Red Hat Bugzilla – Bug 983443
[engine-backend] engine fails to revert a failed cloneImage task, after that, user cannot do anything on the system
Last modified: 2016-02-10 14:10:00 EST
Created attachment 772089 [details]
Description of problem:
When engine comes up after it crashed when CreateCloneOfTemplate task has already sent to vdsm, it fails in SetStoragePoolStatusCommand with:
2013-07-11 11:02:07,247 ERROR [org.ovirt.engine.core.vdsbroker.irsbroker.IrsBrokerCommand] (pool-5-thread-9) [771247cc] Error in StoragePoolUpEvent - : javax.ejb.EJBException: JBAS014580: Unexpected Error
Version-Release number of selected component (if applicable):
Steps to Reproduce:
1. with one host on a block pool, create a template
2. create a vm from the template (cloned)

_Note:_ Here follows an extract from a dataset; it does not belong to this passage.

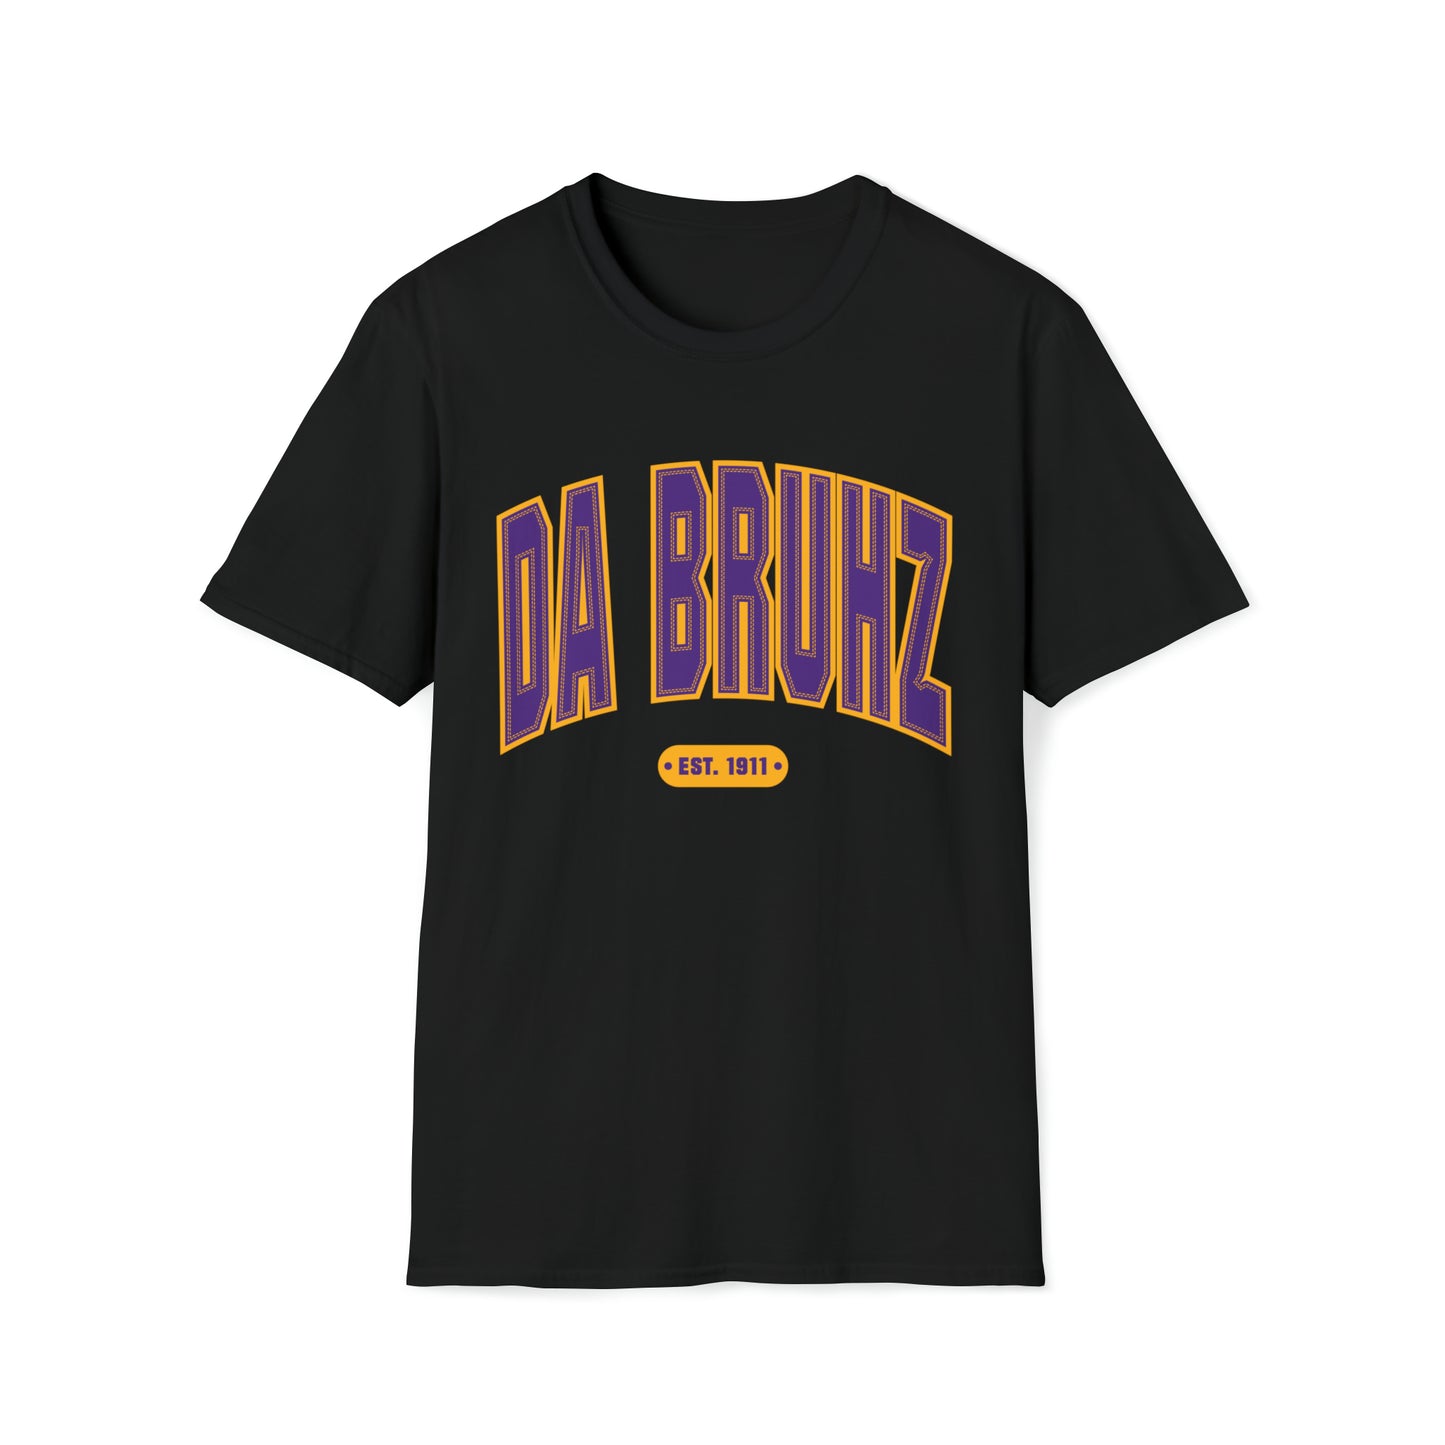 Da Bruhz Shirt Matching Air Jordan 12 Field Purple

3. after engine send the CreateCloneOfTemplate command to vdsm, stop ovirt engine and start it after 5 minutes
Engine fails to SetStoragePoolStatusCommand, and the task is not cleared from SPM. The image remains in LOCKED state forever
Engine should request from vdsm to delete the image when it comes up
Elad said that engine looks stuck.
Regarding revert- this should be decision of storage team.
I'll look first at the other issues (AsyncTaskMgr, SetStoragePoolStatus, etc...).
Even if no rollback is done (and we should) - ths system should not get stuck..
Elad, could you do any other operations on the system?
Did I understand correctly?
After this issue, engine cannot run any command that calls to open an async task on vdsm
It fails with:
2013-07-11 15:34:28,587 INFO [org.ovirt.engine.core.vdsbroker.vdsbroker.CreateVDSCommand] (pool-5-thread-48) [6ea12989] FINISH, CreateVDSCommand, log id: 5d03ec41
2013-07-11 15:34:28,587 ERROR [org.ovirt.engine.core.vdsbroker.CreateVmVDSCommand] (pool-5-thread-48) [6ea12989] Error in excuting CreateVmVDSCommand: java.lang.NullPointerException
restart to ovirt-engine service does not help.
from vdsm side, any async task requested by engine get stuck and does not cleaned. restart to vdsm service does not help either.
user cannot do anything on the system
Moved to MODIFIED by mistake.
Still in review.
Engine handles with a failure in CopyImage after it comes up from a crash
Verified on RHEVM3.3-IS10:
Closing - RHEV 3.3 Released